Lim T H, Hong M K, Lee J S, Mun C W, Park S J, Park S W, Ryu J S, Lee J H, Chien D, Laub G
Department of Diagnostic Radiology, Asan Medical Center, University of Ulsan, College of Medicine, Seoul, Korea.
J Magn Reson Imaging. 1997 Nov-Dec;7(6):996-1001. doi: 10.1002/jmri.1880070611.
To assess the clinical utility of the breath-hold turbo spin-echo T2-weighted MRI in patients with acute myocardial infarction, the results of MRI were compared with those of electrocardiography, coronary angiography, and thallium-201 single photon emission tomography (SPECT) in 23 patients and 5 healthy volunteers. To compare MRI and thallium-SPECT, the left ventricle was divided into five segments, and the presence of myocardial infarction was determined in each segment. MRI demonstrated an abnormally bright signal in 49 of 140 segments (five segments each from 23 patients and 5 volunteers); thallium-SPECT showed a fixed perfusion defect in 52 segments, for an 85% diagnostic concordance rate. The size of the myocardial infarction measured on MRI corresponded well to that measured on thallium-SPECT (r = .70, P < .01). Breath-hold turbo spin-echo T2 MRI can be used for detection of acute myocardial infarction in conjunction with thallium-SPECT, especially when accurate localization of lesion, increased spatial resolution, and anatomic landmarks are needed.

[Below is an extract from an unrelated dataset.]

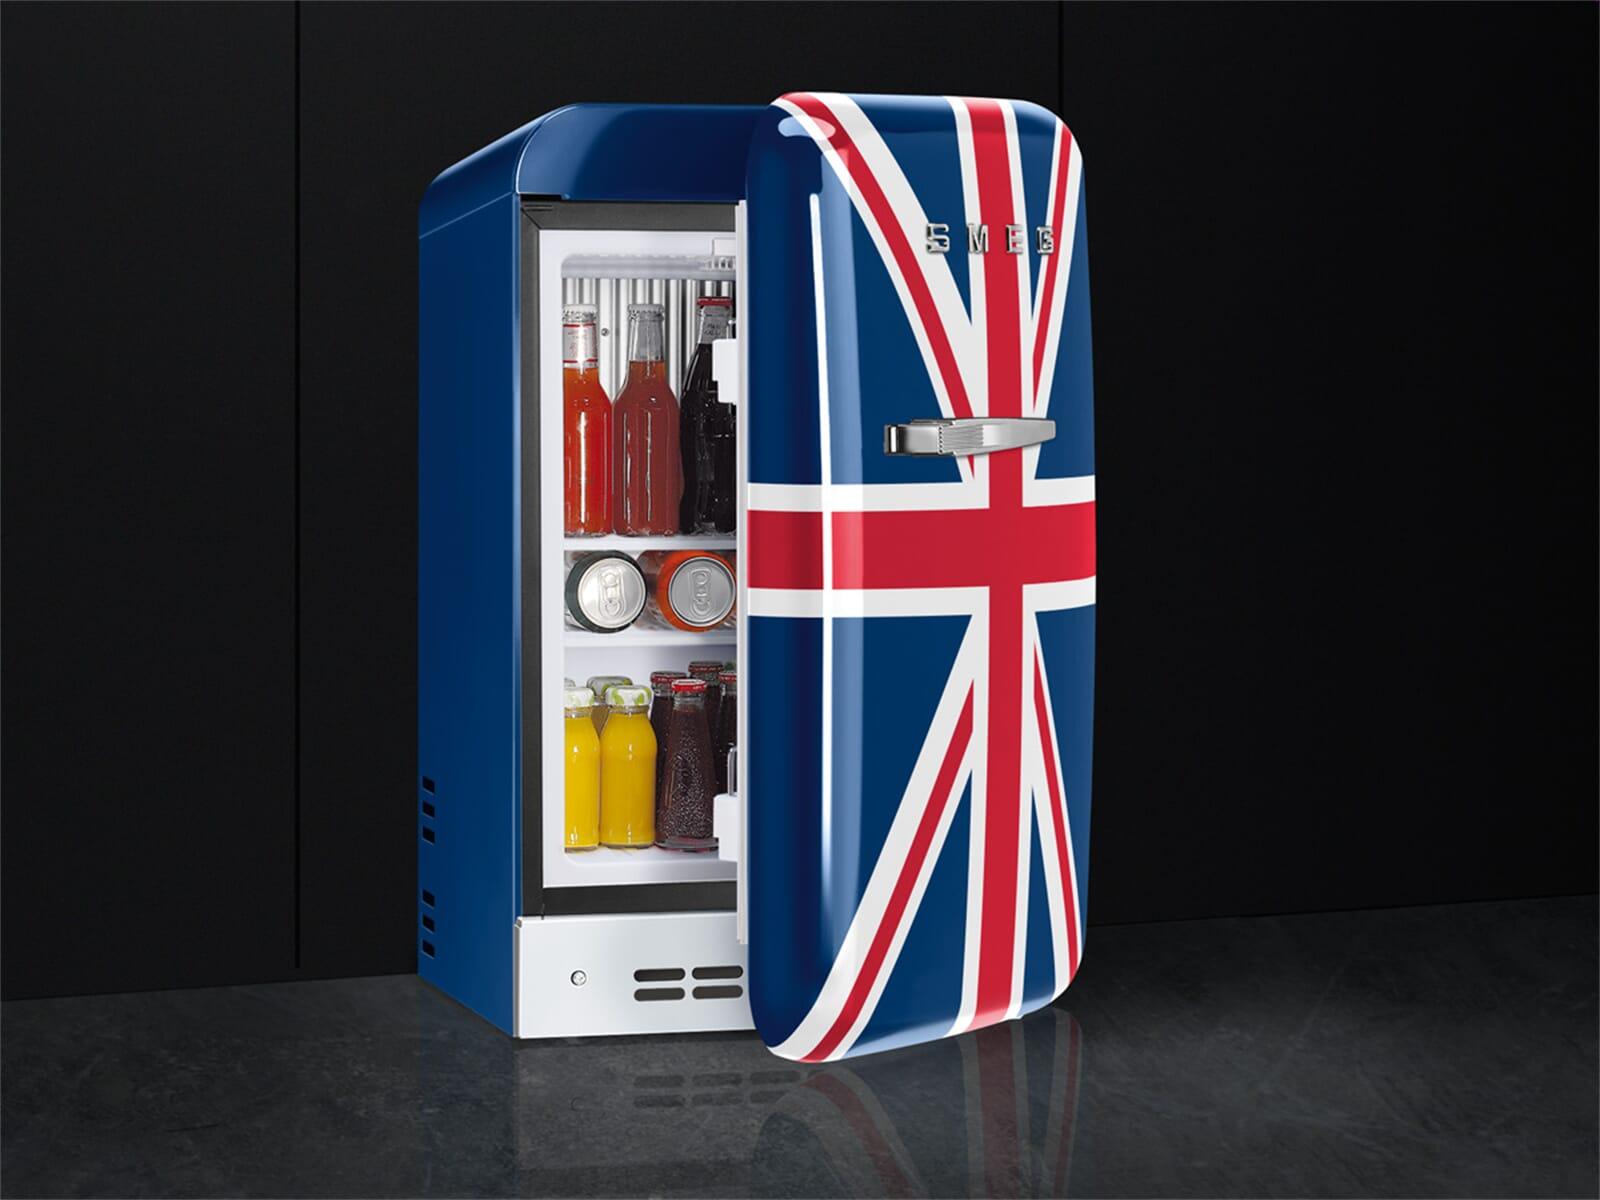 Smeg Kühlschrank Bayern : Retro kühlschrank union jack: smeg retro kühlschrank preisvergleich

为评估屏气快速自旋回波T2加权磁共振成像(MRI)在急性心肌梗死患者中的临床应用价值,对23例患者和5名健康志愿者的MRI结果与心电图、冠状动脉造影及铊-201单光子发射计算机断层扫描(SPECT)结果进行了比较。为比较MRI和铊-SPECT,将左心室分为五个节段,并确定每个节段是否存在心肌梗死。MRI显示140个节段中的49个节段(23例患者和5名志愿者各5个节段)信号异常增强;铊-SPECT显示52个节段存在固定灌注缺损,诊断符合率为85%。MRI测量的心肌梗死大小与铊-SPECT测量的结果高度相符(r = 0.70,P < 0.01)。屏气快速自旋回波T2 MRI可与铊-SPECT联合用于检测急性心肌梗死,特别是在需要准确病变定位、提高空间分辨率和解剖标志时。